Everything with carbon in it—from your lunch to yourself—has a little radioactive carbon in it. That radioactive carbon is in equilibrium with the environment around it. As Libby realized, when those things die, the process of absorbing any new radioactive 14C stops, and however much radioactive 14C was there starts to decay. The longer a thing has been dead, the less 14C it has left in it.

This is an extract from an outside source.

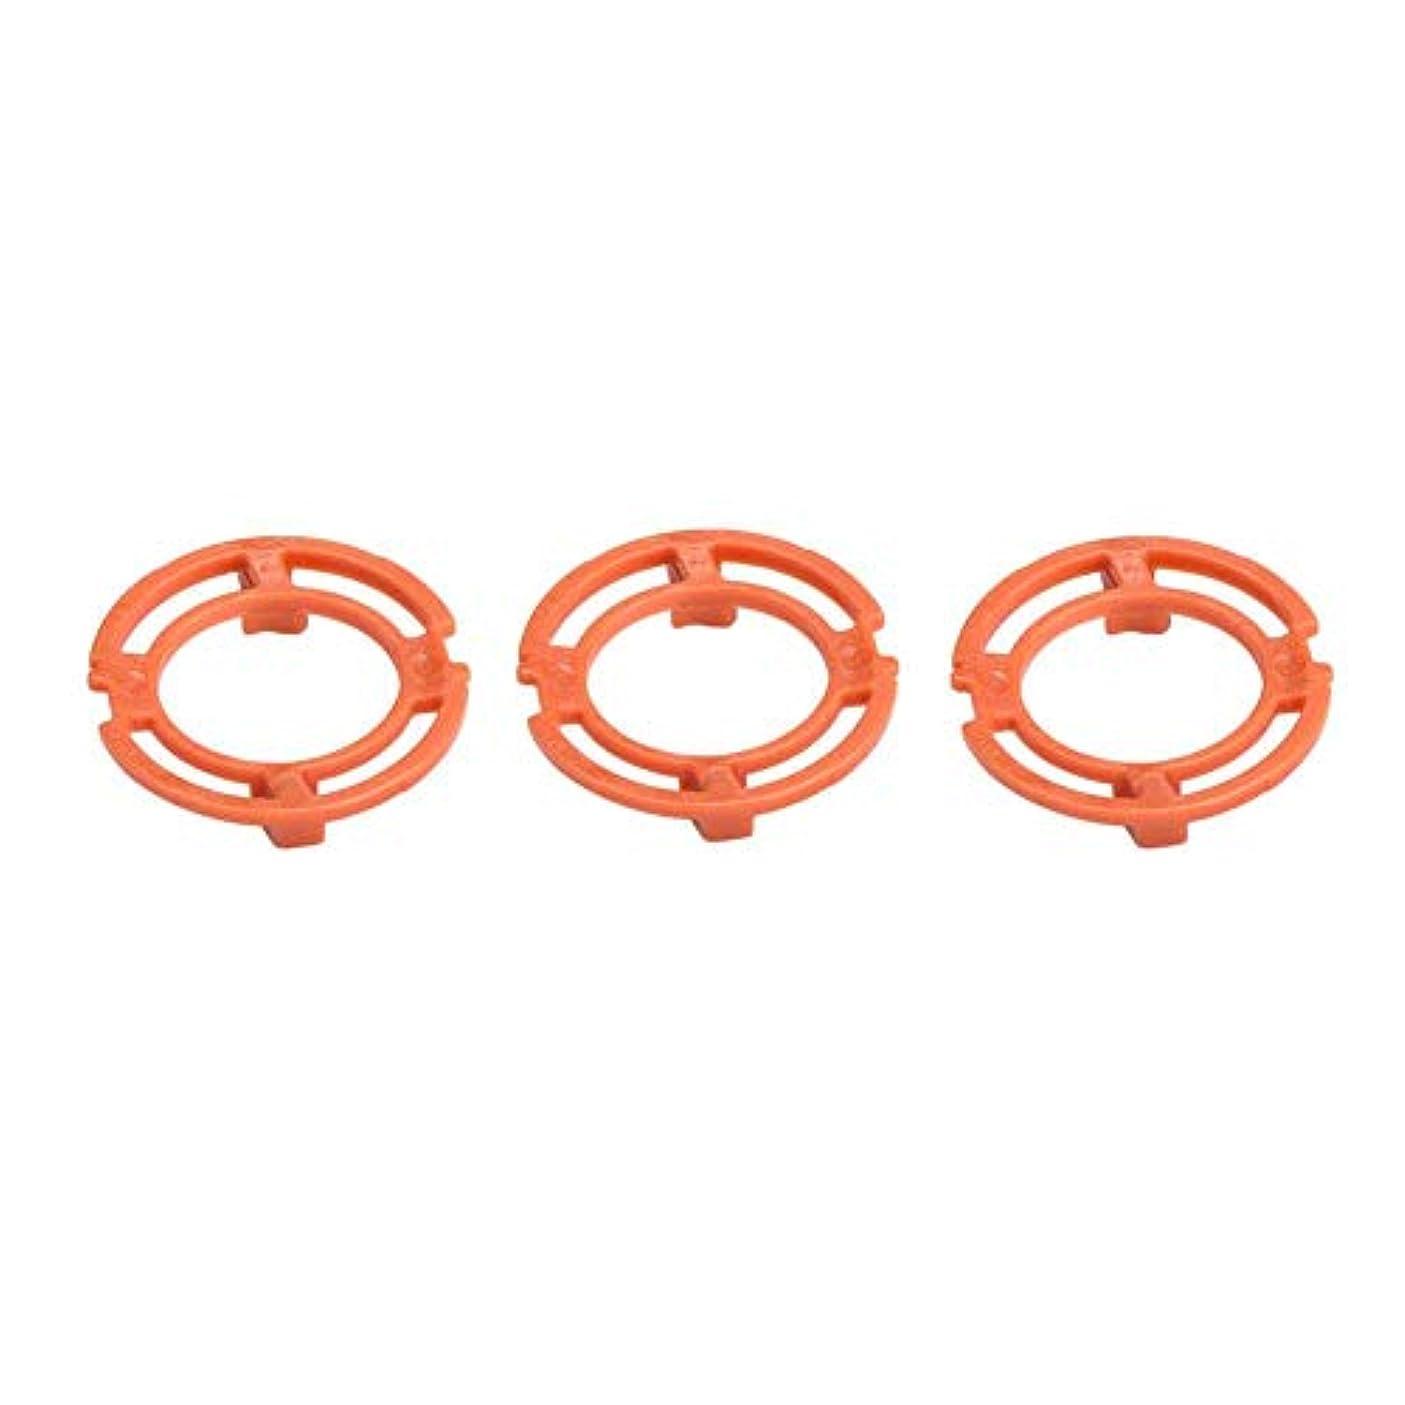 ピニオン薄いジュニアGorgeri ABS 3PCSシリーズ7000 9000 RQ12モデルのオレンジブレード固定リング

The half-life of 14C is 5,730 ± 40 years. That means that after 5,730 years, half of the 14C in any given object will have decayed. After another 5,730 years, half of that remaining 14C will have decayed too, so there is a quarter of the original amount, and so on. To derive a radiocarbon age for an archaeological sample, a scientist simply measures the amount of radioactive 14C remaining and calculates how many years it has been since that organism died.
That’s absolutely amazing. But it isn’t actually quite so simple.
Physicists, including Libby, initially assumed that 14C was spread uniformly around the planet. But it’s not. That can have a dramatic effect on radiocarbon dating. Take modern shellfish from coastal Peru, for example: Their radiocarbon date suggests that they’re about 400 years old. Are they related to Rip Van Winkle? No! As remarkable as it may be, they seem that old because they are ingesting seawater that has been on a 400-year trip from its time at the surface in the North Atlantic, where it soaked up its original content of 14C. These mollusks look as old as the water they eat (or, more accurately, filter).
Carbon-14 production also isn’t constant over time. Scientists now know that 14C production depends on sunspot flares, changes in the intensity of the earth’s magnetic field, and other geophysical phenomena. Ever since the Industrial Revolution, people have been flooding the atmosphere with old, 14C-deficient carbon by burning fossil fuels. Then there was the nuclear bomb. From 1950 to 1964, the United States, the Soviet Union, and other countries conducted above-ground nuclear tests that injected an abundance of radioactivity into the upper atmosphere. These are some of the reasons that radiocarbon dating isn’t used on objects less than about 300 years old.
Scientists have had to continually tweak and twiddle the conversion equations that tell archaeologists like me how old an object is based on its radiocarbon date. There are rules and calibrations unique to marine life from one ocean to another, from one hemisphere to another, and from different material types—from bones to plants to freshwater clamshells. Researchers keep learning weird and wonderful ways that radiocarbon dates can be “wrong” and how to correct for those errors. Indeed, scientists continuously update the calibration curves that are used to convert radiocarbon “years” to calendar years because the two are not the same.
Remember that sandal from Tularosa Cave that was dated to 1,710 ± 40 radiocarbon years old? Because of all these complicated factors, I had to convert that radiocarbon “date” to calendar years. Scientists have developed a calibration curve based on the radiocarbon dating of individual, annual growth rings in ancient bristlecone pine trees from California and ancient oaks from Europe. That calibration curve tells me that the sandal samples actually date to between 40 B.C. (2,060 years ago) and A.D. 120 (1,900 years ago) on the Christian calendar. In other words, that sandal was made by a Native American from plants that lived when ancient Rome dominated the Mediterranean and the Han dynasty dominated China.
Although imperfect, radiocarbon dating has revolutionized archaeology. (Stay tuned for my next column for examples of that.) To me, it is a complete marvel that archaeologists can use a technique from nuclear physics to date ancient materials up to 70,000 years old—including my beloved sandals from New Mexico.